Aldehydes and siloxanes form methyl esters in a single step through mild oxidative esterification in the presence of a palladium catalyst or, alternatively, afford secondary alcohols via TBAF-promoted arylation in the absence of a catalyst at increased temperatures.
R. Lerebours, C. Wolf, J. Am. Chem. Soc., 2006, 128, 13052-13053.
Aldehydes undergo oxidative transformation to the methyl esters in methanol as solvent upon treatment with catalytic amounts of vanadium pentoxide in combination with hydrogen peroxide. This method features mild reaction conditions, short reaction times, high efficiencies, cost-effectiveness, and facile isolation of the desired products.
R. Gopinath, B. Patel, Org. Lett., 2000, 2, 577-579.
N-Heterocyclic carbenes catalyze the oxidation of various allylic, propargylic, and benzylic alcohols to esters with manganese(IV) oxide in excellent yields. Saturated esters can also be accessed from aldehydes using this method. A desymmetration of meso-1,2-diols using a chiral catalyst is described.
B. E. Maki, A. Chan, E. M. Phillips, K. A. Scheidt, Org. Lett., 2007, 9, 371-374.
Copper(II) catalyzes a cross dehydrogenative coupling (CDC) reaction of aldehydes with alkylbenzenes in the presence of TBHP to yield benzylic esters.
S. K. Rout, S. Guin, K. K. Ghara, A. Banerjee, B. K. Patel, Org. Lett., 2012, 14, 3982-3985.
A copper-catalyzed cross-dehydrogenative coupling reaction between N-hydroxyphthalimide and aldehydes using PhI(OAc)2 as an oxidant enables a synthesis of NHPI esters in good yields in water. This facile and efficient method is eco-friendly and offers mild conditions, short reaction time, and broad substrate scope.
Z. Guo, X. Jiang, C. Jin, J. Zhou, B. Sun, W. Su, Synlett, 2017, 28, 1321-1326.
An efficient iodine-mediated oxidative esterification of acetophenones provides various α-ketoesters and esters in high yields in the presence of potassium xanthates. The potassium xanthate not only promotes oxidative esterification but also provides an alkoxy moiety for the reaction.
X. Luo, R. He, Q. Liu, Y. Gao, J. Li, X. Chen, Z. Zhu, Y. Huang, Y. Li, J. Org. Chem., 2020, 85, 5220-5230.
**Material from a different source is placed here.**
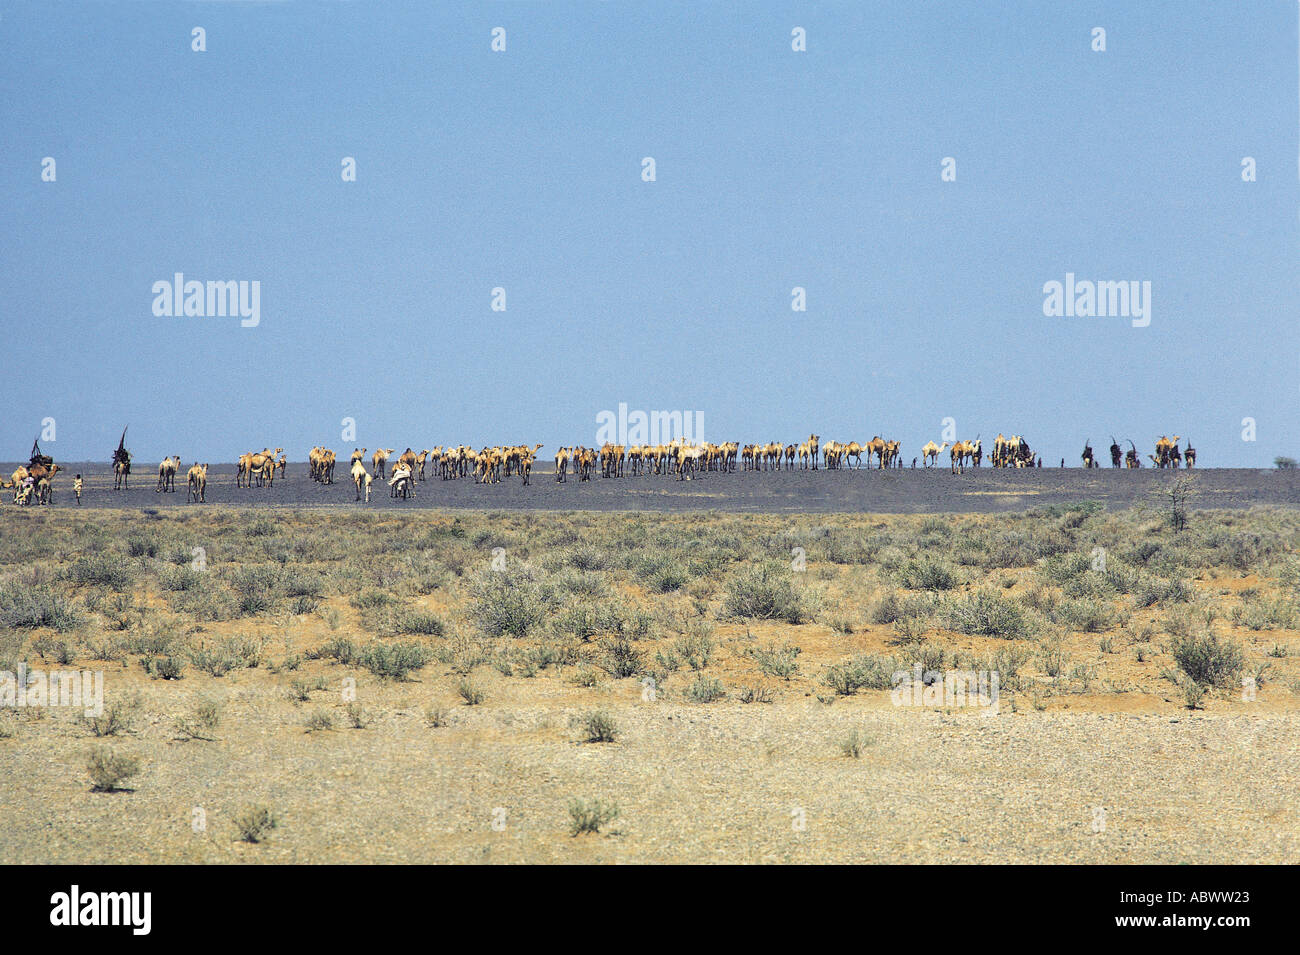 Gabbra les gens avec leurs chameaux au cours de la migration. Banque D'Images

Copper-catalyzed aerobic oxidative esterification of acetophenones with alcohols using molecular oxygen gives a broad range of α-ketoesters in good yields. Mechanism studies evealed that the carbonyl oxygen in the ester mainly originated from dioxygen.
X. Xu, W. Ding, Y. Lin, Q. Song, Org. Lett., 2015, 17, 516-519.
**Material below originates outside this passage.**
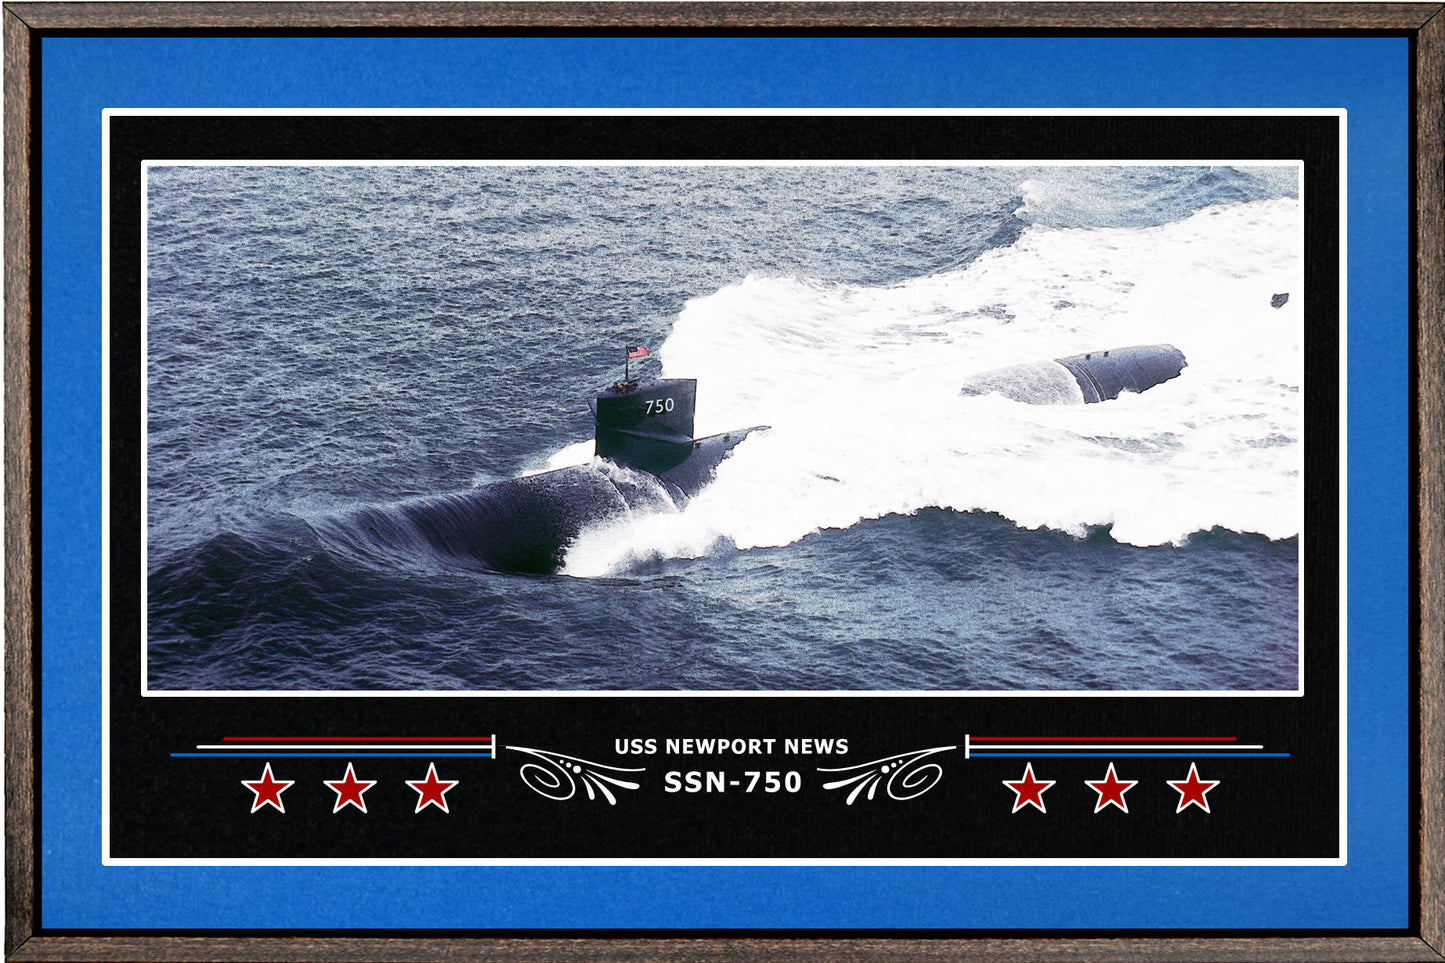 USS NEWPORT NEWS SSN 750 BOX FRAMED CANVAS ART BLUE

An enantioselective synthesis of γ-nitroesters by a one-pot asymmetric Michael addition/oxidative esterification of α,β-unsaturated aldehydes is based on an enantioselective organocatalytic nitroalkane addition followed by an N-bromosuccinimide-based oxidation. The γ-nitroesters are obtained in good yields and enantioselectivities, and the method provides an attractive entry to optically active γ-aminoesters, 2-piperidones, and 2-pyrrolidones.
K. L. Jensen, P. H. Poulsen, B. S. Donslund, F. Morana, K. A. Jørgensen, Org. Lett., 2012, 14, 1516-1519.